We already price human lives through insurance and government bonds, which incorporate assumptions about the productivity of future humans. PTA auctions are a direct substitute for government selling debt, which governments already do to convert future taxes into present revenue. PTAs simply combine these two pricing mechanisms into a new asset class.

Q: Isn’t this just indentured servitude? Isn’t that illegal and wrong?

If prisoners voluntarily choose to auction their PTA rather than endure traditional prison conditions, it implies the current system is worse. That’s a greater indictment of the status quo than of PTAs themselves.

Q: What if a prisoner who auctions off their PTA commits a crime?

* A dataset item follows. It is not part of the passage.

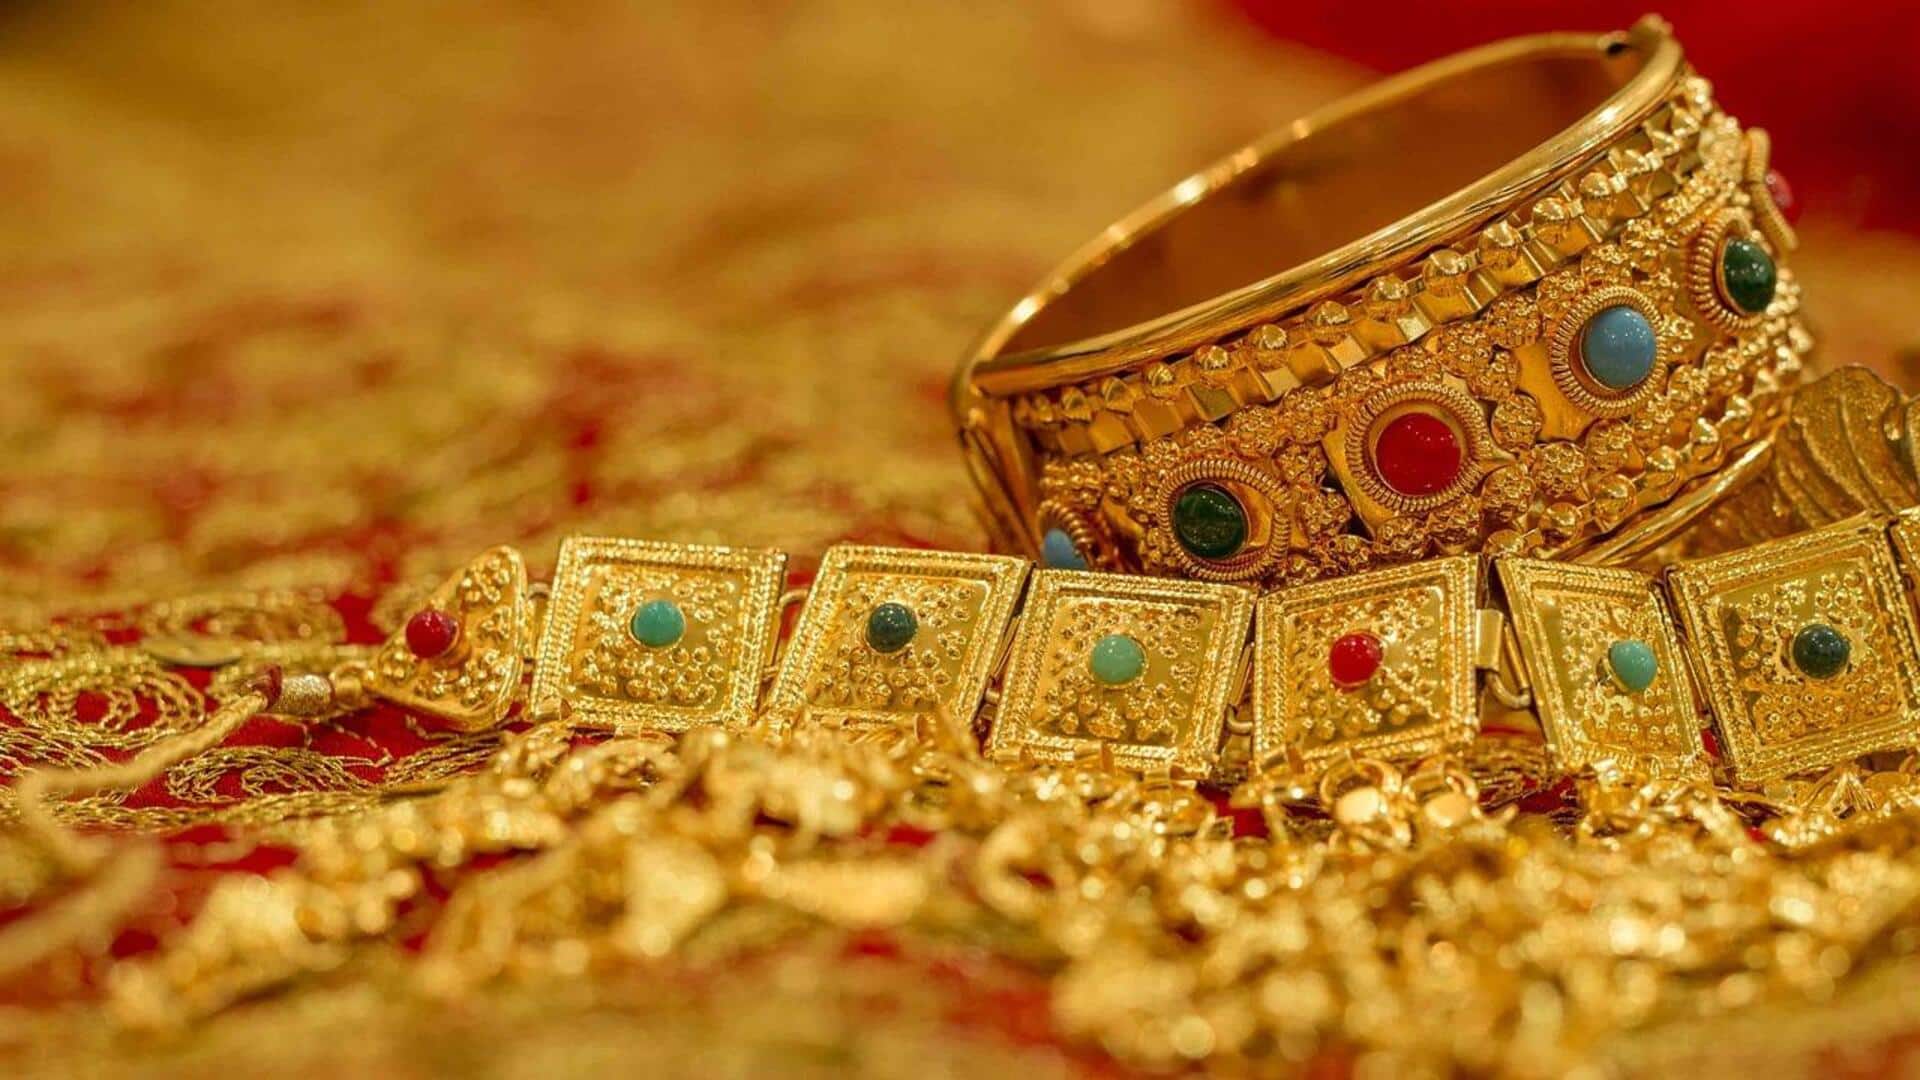 राजस्थान: जयपुर में अमेरिकी महिला पर्यटक को 300 रुपये का आभूषण 6 करोड़ रुपये में बेचा

PTA agents could carry reoffending insurance similar to buying car insurance. PTA agents have strong incentives to prevent such outcomes since they bear the costs, unlike current prison officials, who often receive more funding after high-profile failures.

Q: What if PTAs create a perverse incentive where bondholders lobby for policies that criminalize more behavior just to expand their investment opportunities?

This concern already applies to private prisons, yet we don’t currently see major backlash or public concern. One easy solution would be to make it so that PTAs only are available to current prisoners and not future ones. Another easy solution would be to make PTAs voluntary and open to anyone, not just prisoners. If people could opt into the system regardless of incarceration, governments would have no reason to lock more people up just to expand the market. 

Q: This just seems icky. It’s new, weird, and therefore bad.

Traditional prisons are already icky and bad, just old and familiar. A liquid market in PTAs would reflect the judgment of those most affected—a far more democratic outcome than the status quo.

Conclusion

Prisoner Tax Assets represent a radical but realistic alternative to mass incarceration. 

By leveraging market incentives, we can cut costs, reduce recidivism, and restore dignity to prisoners while improving public safety and economic productivity. 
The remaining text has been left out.